We are living in a time of conflict and war. Broad swathes of society are afflicted by massive uncertainties and worries. In the shadow of this, traditional images of men are being celebrated in the media. Meta boss Mark Zuckerberg, for example, has called for more ‘masculine energy’ in the workplace, while Elon Musk styles so-called ‘bro culture’ as an innovation strategy. In the United States, podcast heavyweight Joe Rogan is a possible king-maker for Donald Trump, not despite, but because of the fact he propagates masculine attitudes. This return of the ‘strong man’ gives expression to a political climate in which authoritarian and anti-feminist narratives are gaining ground. Not only in the United States, but also in Europe and Germany.

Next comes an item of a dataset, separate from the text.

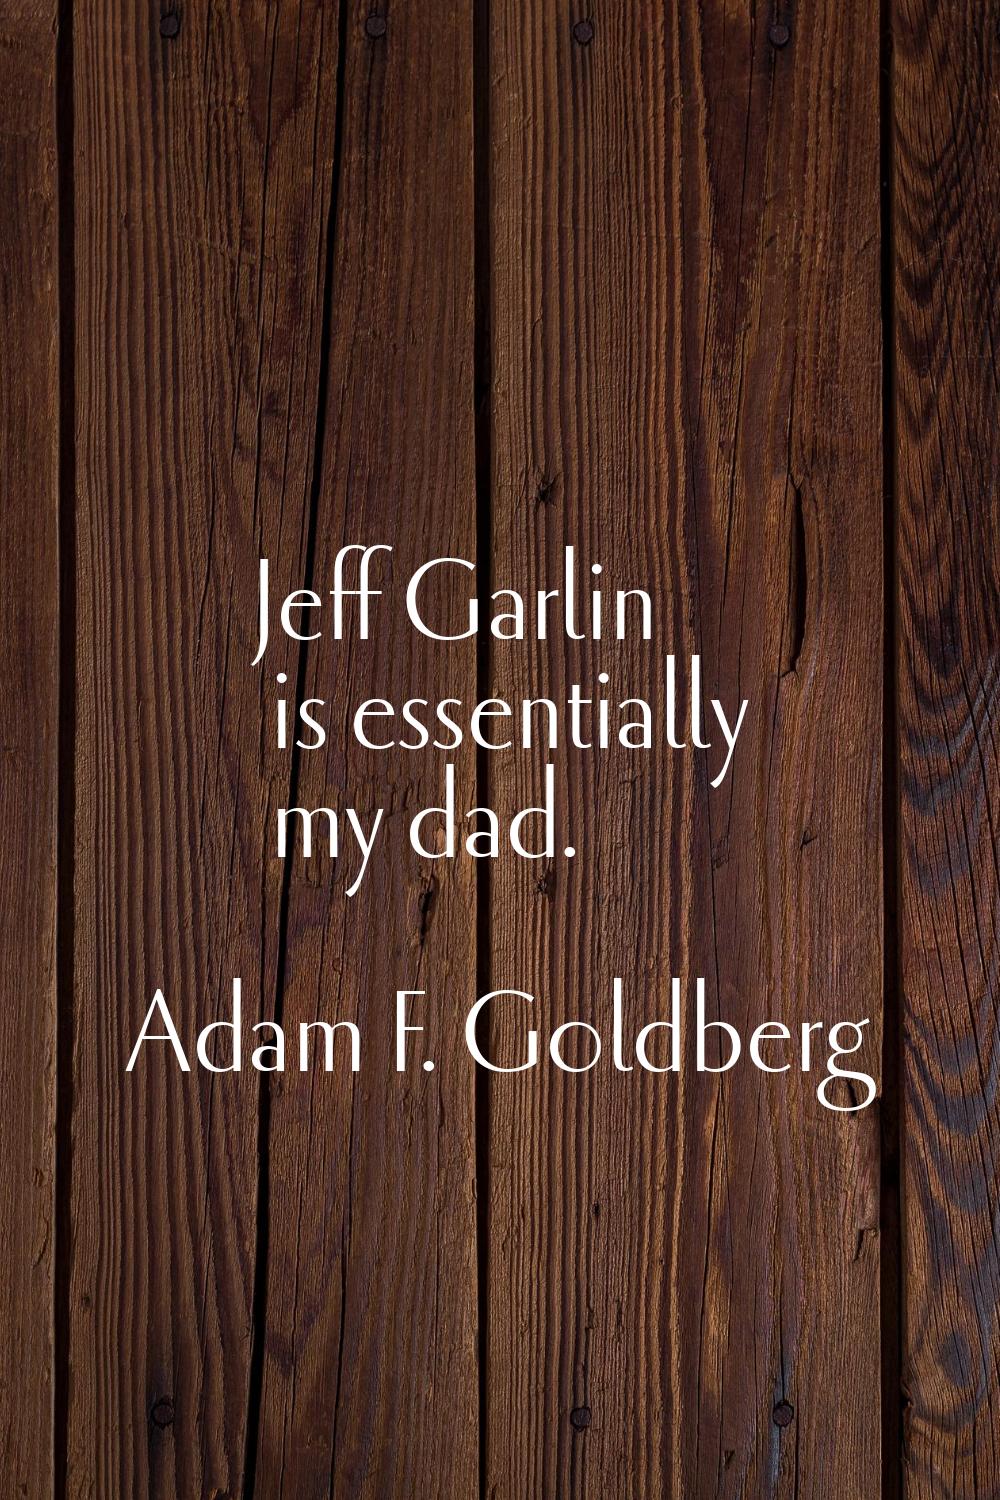 Jeff Garlin is essentially my dad.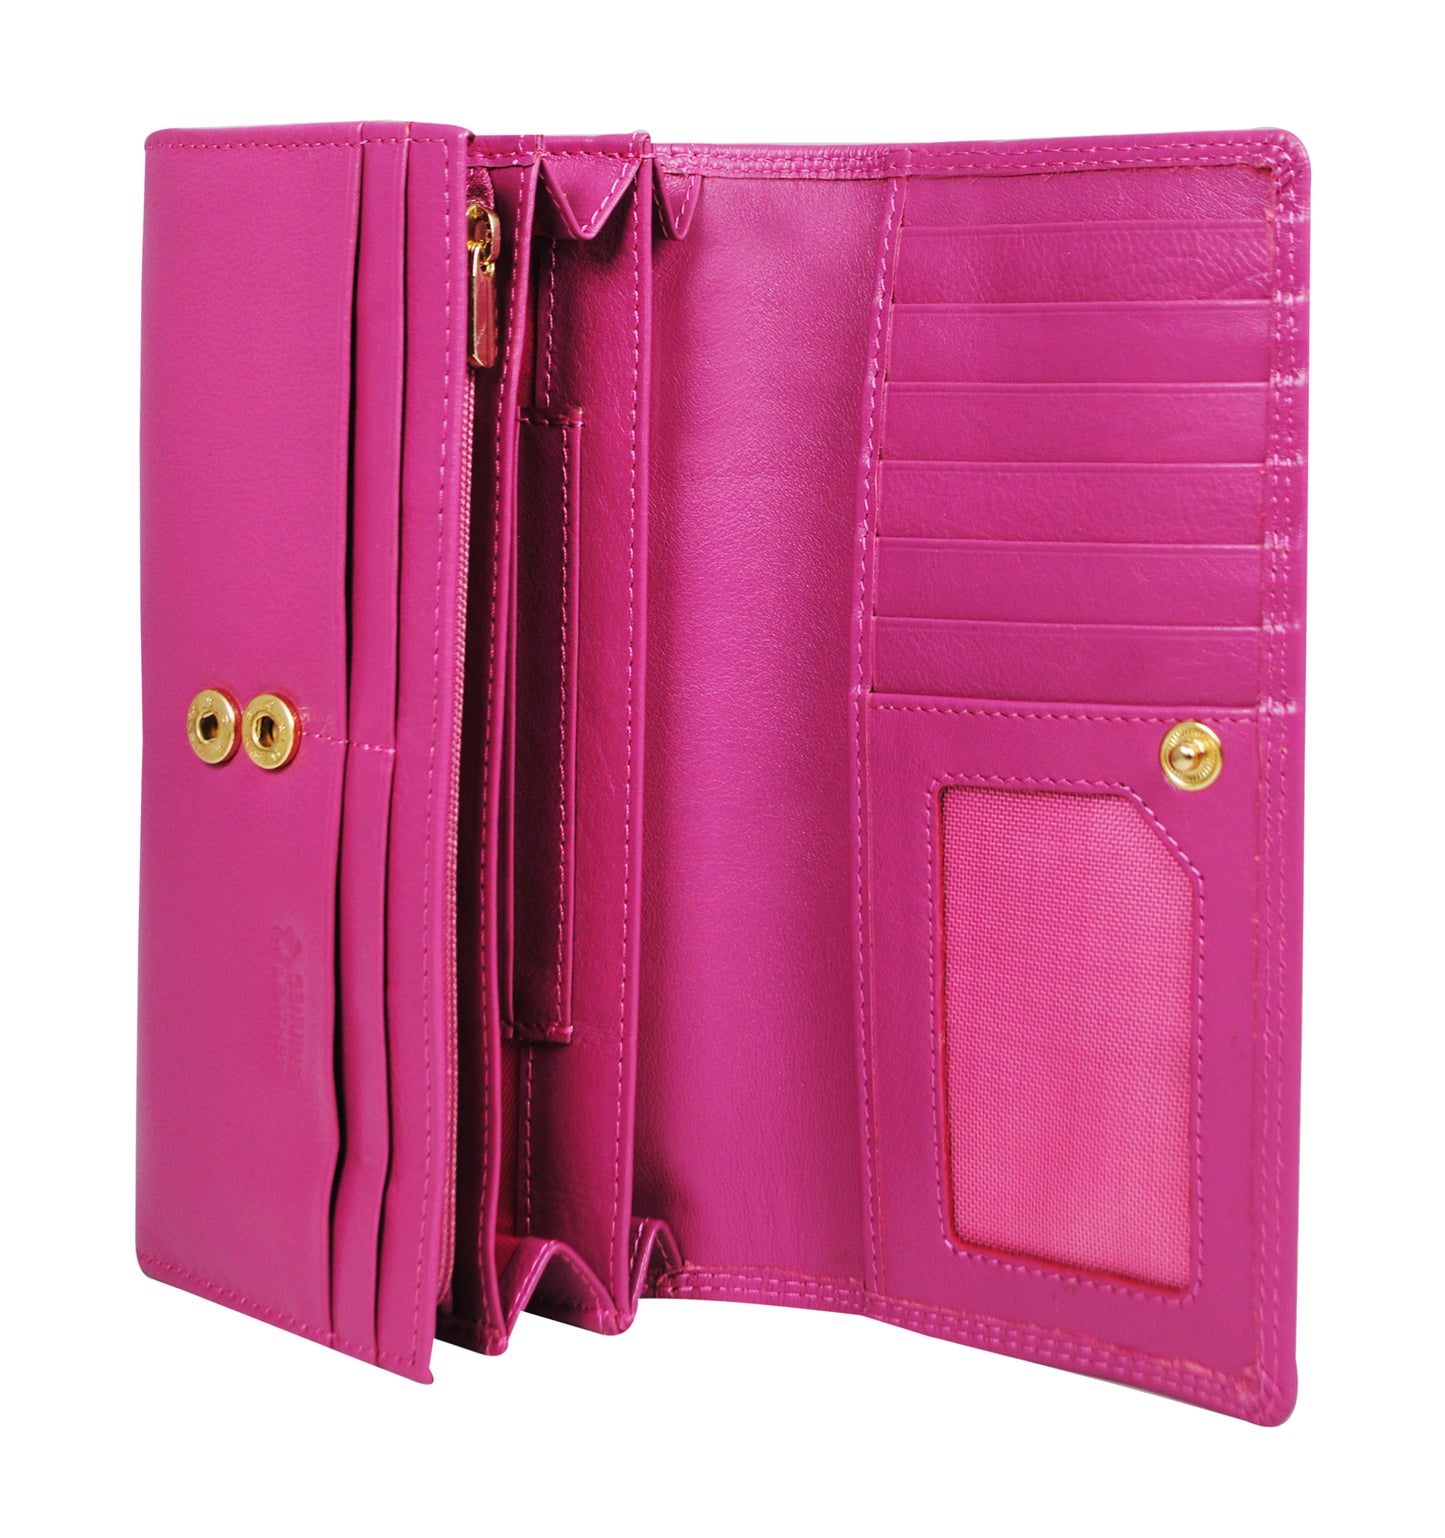 Calfnero Genuine Leather Women's Wallet (12314-Pink)

We need to take this seriously and ask ourselves self-critically: what have progressives done in recent years to make so many men turn away from them? It seems that many men feel that feminism has nothing to offer them. Indeed, in some instances there has been a massive counter reaction. But true equality can be achieved only with men’s involvement. What would a manliness look like that was in line with women’s emancipation, justice and progress?
Caring masculinities
While feminist positions have increasingly found their way into mainstream discourse over the past two decades, finding a place in pop culture, conservative and reactionary forces have mobilised successfully against such progress. There are countless clips on social networks depicting what makes a ‘real man’: dominance, assertiveness, physical strength and control over his emotions. But these imaginaries do not just contradict feminist ideas of equal rights. They also serve as a refuge for insecure male identities. So-called masculism presents itself as a political movement that pursues men’s interests. In fact, however, it deploys an anti-emancipatory vocabulary that shores up existing privileges and seeks to suppress feminist achievements. It is no coincidence that masculist positions often overlap with nationalist, authoritarian and anti-democratic discourses.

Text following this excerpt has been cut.